Abstract
Sex determination or sex estimation from a single or fragment of bone is always difficult in the absence of other bones from the same individual. The current study was an attempt to estimate the sex of an individual from the posterior ramus of mandible or the mandibular ramus flexure. A retrospective study was conducted using orthopantomographs (OPGs) of 200 males and 200 females between the age group of 20 – 70 years. Each radiographic image was examined for the presence of a flexure or notching on the posterior border of the ramus in relation to occlusal plane as the method followed by Loth & Henneberg 1996.The study resulted in samples that were correctly classified as females 59.5% and males 57.5%. The overall correct sex estimation was achieved in 58.5% of the cases. The predictive accuracy or assessment was higher for females compared to males. Consequently, the posterior ramus of mandible or mandibular ramus flexure can be considered as supplementary rather than a definitive means of sex determination. Hence, it is preferable to include as many parameters as possible to attain optimal accuracy.
Keywords: Sex estimation,
Keywords: Mandibular ramus flexure,
Keywords: Posterior ramus of mandible,
Keywords: OPGs,
Keywords: Panoramic radiographs.
INTRODUCTION
Sex estimation is an essential element of anthropological and forensic research. The mandible can be a strong, dense bone of the craniofacial skeleton. Among human bones, the pelvis is the most reliable bone for sex determination. In the absence of a complete pelvis, the mandible is often used as an important means of identification. After the pelvis, the mandible is the most sexually heterogeneous bone. As shown in previous studies, various metric and non-metric parameters are used to assess mandibular sexual dimorphism. (1)
If an examiner has access to a whole skeleton, sex determination is not difficult. Both the pelvis (2, 3) and the cranium (4-6) yield extremely precise data. However, even for an expert, analysing sexual dimorphism in an incomplete or fragmented skeleton can be challenging. In addition to the pelvis and cranium, the mandible is regarded as a useful feature for determining the sex of an unknown skull. Since the beginning of the twentieth century, the utilisation of mandibular measurements began to be investigated (7-13).
Non-metric or visual indicators of the mandible are evaluated quickly and easily by comparing them with index parameters. Metric parameters cannot be used for mandibular fragmentation due to trauma. The dense bone of the lower jaw helps to maintain its shape for a long time. The shape of the mandible can change depending on chewing habits and lifestyle. Therefore, different ethnic groups may have differences in the shape of the lower jaw. Panoramic radiography and lateral cephalography are methods commonly used in routine dental practice to evaluate important structures of the mandible and maxilla. These radiographs are suitable for checking the integrity of tooth tissue and are frequently used as tools for ramus flexure analysis to determine sex. (1)

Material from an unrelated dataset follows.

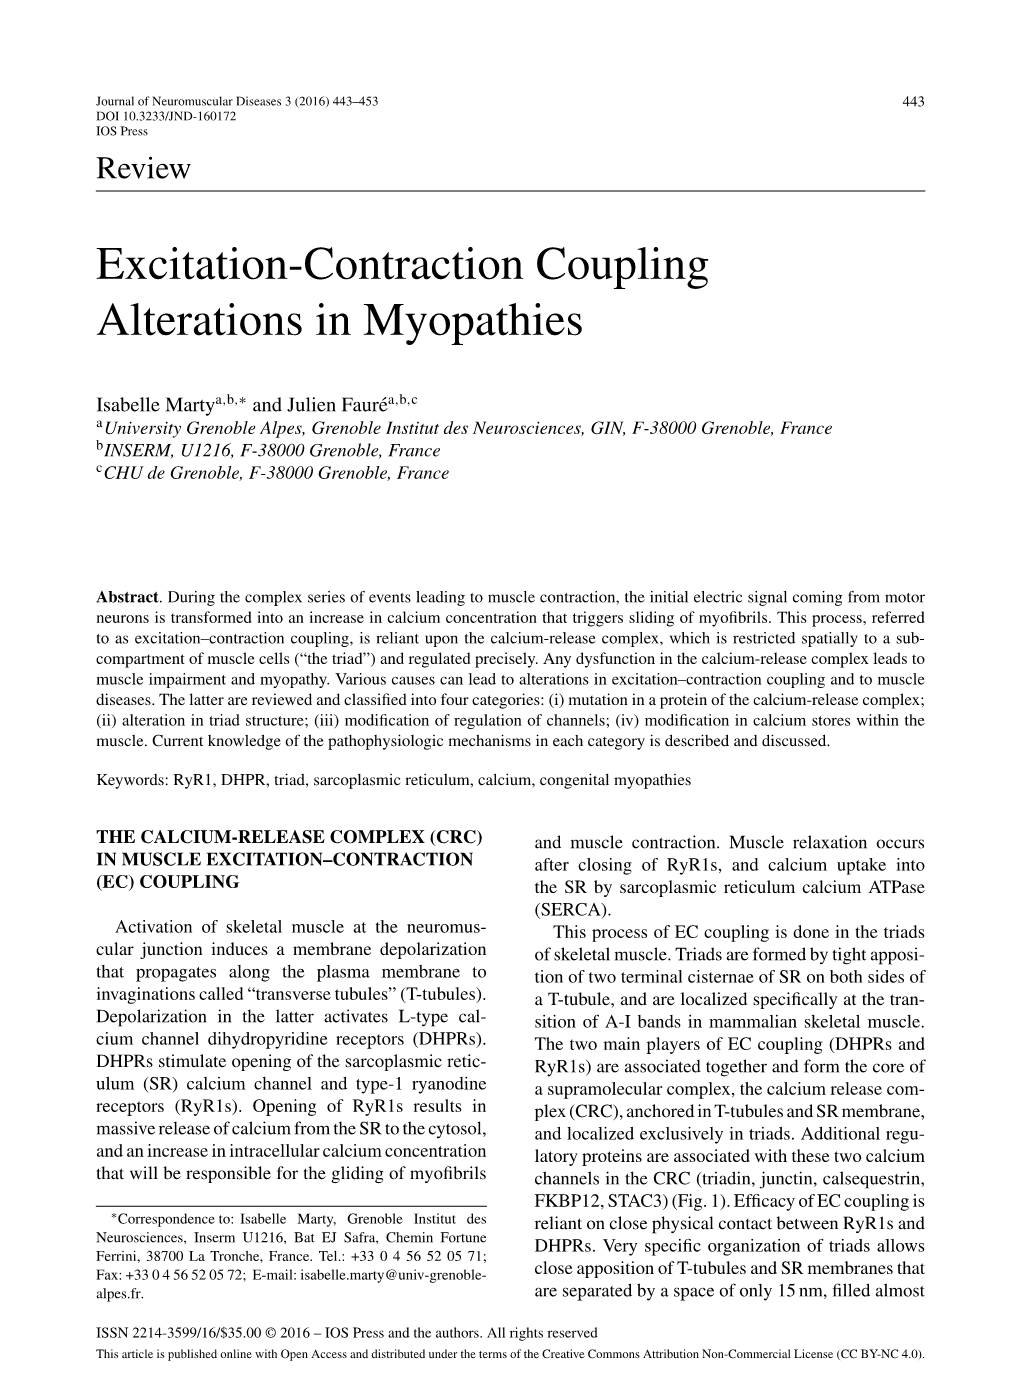 Excitation-Contraction Coupling Alterations in Myopathies

The examination of morphologic features led to discovery of distinct angulations of the posterior border of mandibular ramus at the level of occlusal surface of the molars in adults which was termed as flexure that refers to “the quality or state of being flexed.” Mandibular ramus flexure, discovered by Loth and Henneberg in 1996, has drawn worldwide attention due to its exceptionally high accuracy in sex estimation. According to Loth and Henneberg the distinct flexure is present in the posterior border of ramus at the level of occlusal surface of the molars in adult males and is not seen in females, if present, it was either above or below the occlusal surface. With this background, the current study is undertaken to evaluate the validity and predictive accuracy of mandibular posterior ramus flexure in sex estimation. (14)
MATERIALS AND METHODS
The present study titled “Age Estimation and Sex Estimation using Ramus Flexure - A Retrospective Study” was conducted in the Department of Forensic Odontology, JSS Dental College and Hospital, Sri Jagadguru Sri Shivarathreeshwara Academy of Higher Education and Research (JSSAHER), Mysuru, Karnataka.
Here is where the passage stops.